Figure 20 shows an AC-STEM image of Pt atoms 302 and Pt atom clusters 301, deposited on a boron nitride support (BN). The Pt clusters have a mean average diameter of 0.68 ± 0.13nm. Pt deposition on boron nitride (1.5g) conditions: deposition time of 30min, argon work pressure of 3mTorr, argon flow rate of lOsccm, power applied of 20W (320V and 62mA), work distance of 90cm, angle between target-sample of 10°, and powder sample holder stirring rotation of 50rpm; yielding 0.11 w% of Pt onto boron nitride. This set of process conditions provides an ADMC with well dispersed metal atoms .
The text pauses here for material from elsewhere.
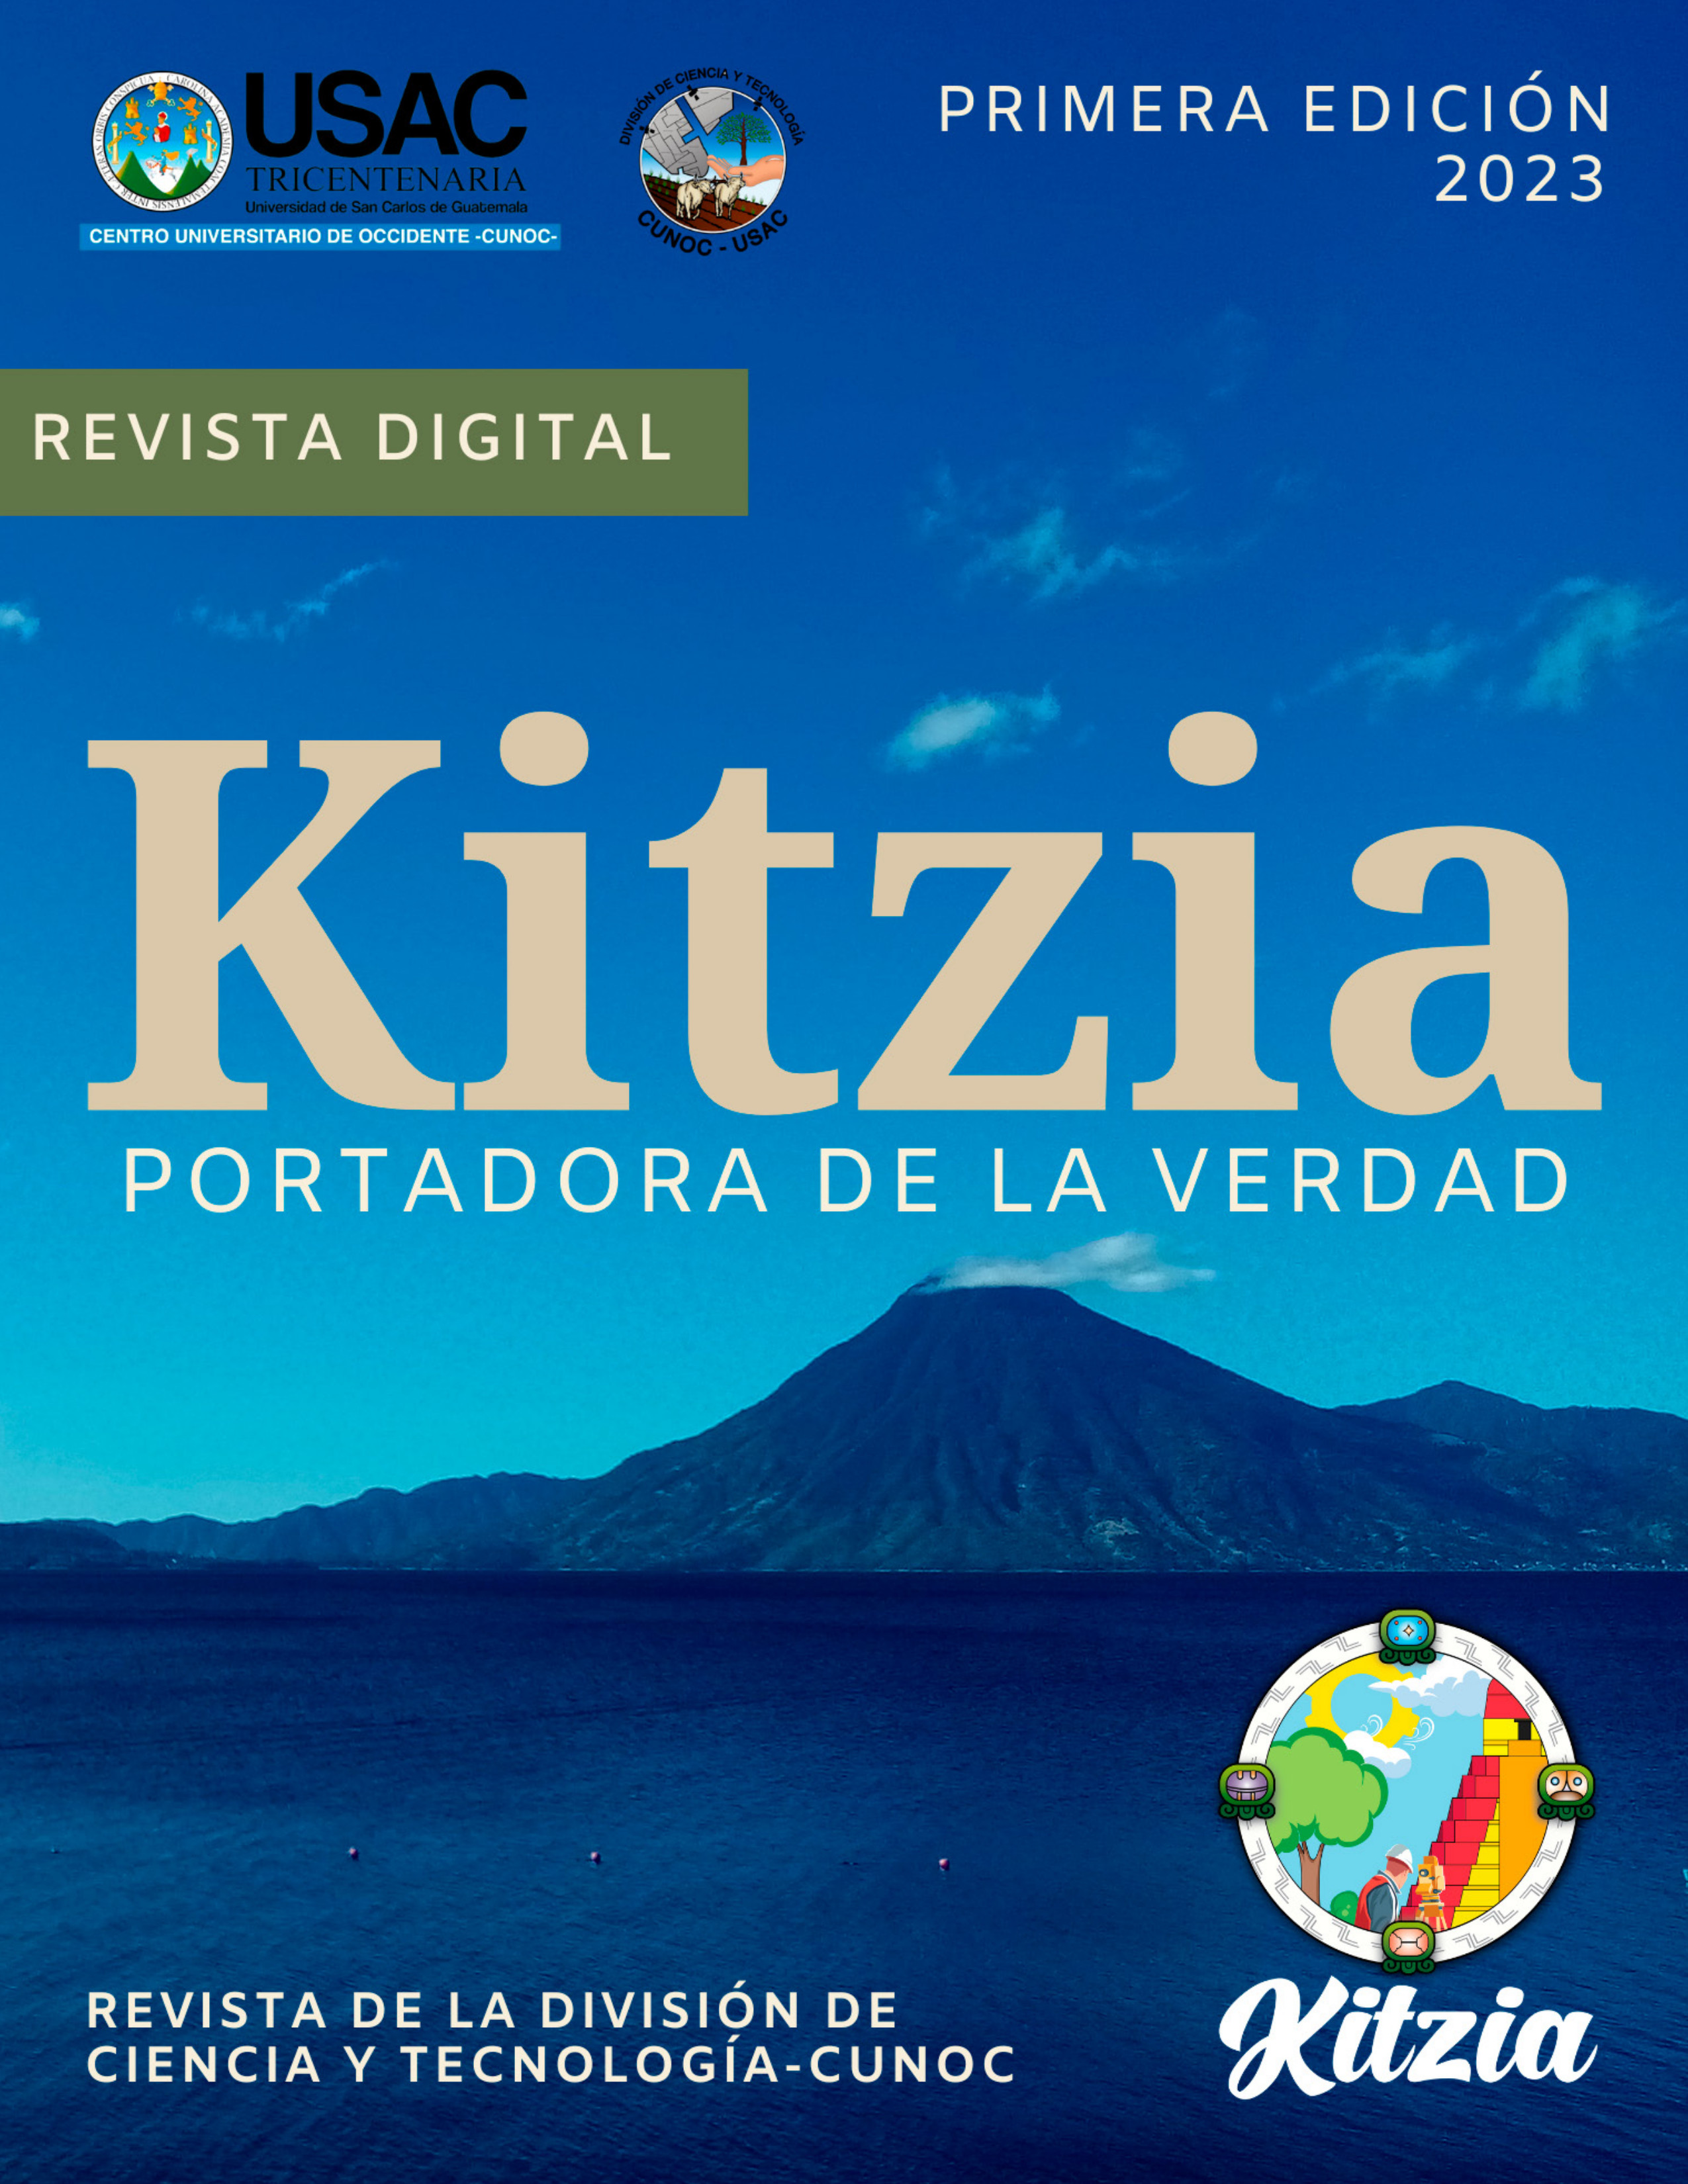 Primera Edición Kitzia

Figure 21 shows a) an AC-STEM image of Pd atoms and Pd atom clusters 301, deposited on a boron nitride support (BN). The Pt clusters have a mean average diameter of 0.68 ± 0.13nm; and b) an AC-STEM image of Ru atoms and Ru atom clusters 301, deposited on a boron nitride support (BN). The Pd clusters have a mean average diameter of 0.79 ± 0.18nm and the Ru clusters have a mean average diameter of 0.61 ± 0.14nm. The magnetron sputtering settings used were similar to those reported for the deposition of Figure 14.

From reading the present disclosure, other variations and modifications will be apparent to the skilled person. Such variations and modifications may involve equivalent and other features which are already known in the art of time to digital converters and phase locked loops, and which may be used instead of, or in addition to, features already described herein.

Although the appended claims are directed to particular combinations of features, it should be understood that the scope of the disclosure also includes any novel feature or any novel combination of features disclosed herein either explicitly or implicitly or any generalisation thereof, whether or not it relates to the same subject matter as presently claimed in any claim and whether or not it mitigates any or all of the same technical problems. Features which are described in the context of separate embodiments may also be provided in combination in a single embodiment. Conversely, various features which are, for brevity, described in the context of a single embodiment, may also be provided separately or in any suitable sub-combination. The applicant hereby gives notice that new claims may be formulated to such features and/or combinations of such features during the prosecution of the present application or of any further application derived therefrom.

For the sake of completeness it is also stated that the term "comprising" does not exclude other elements or steps, the term "a" or "an" does not exclude a plurality and reference signs in the claims shall not be construed as limiting the scope of the claims.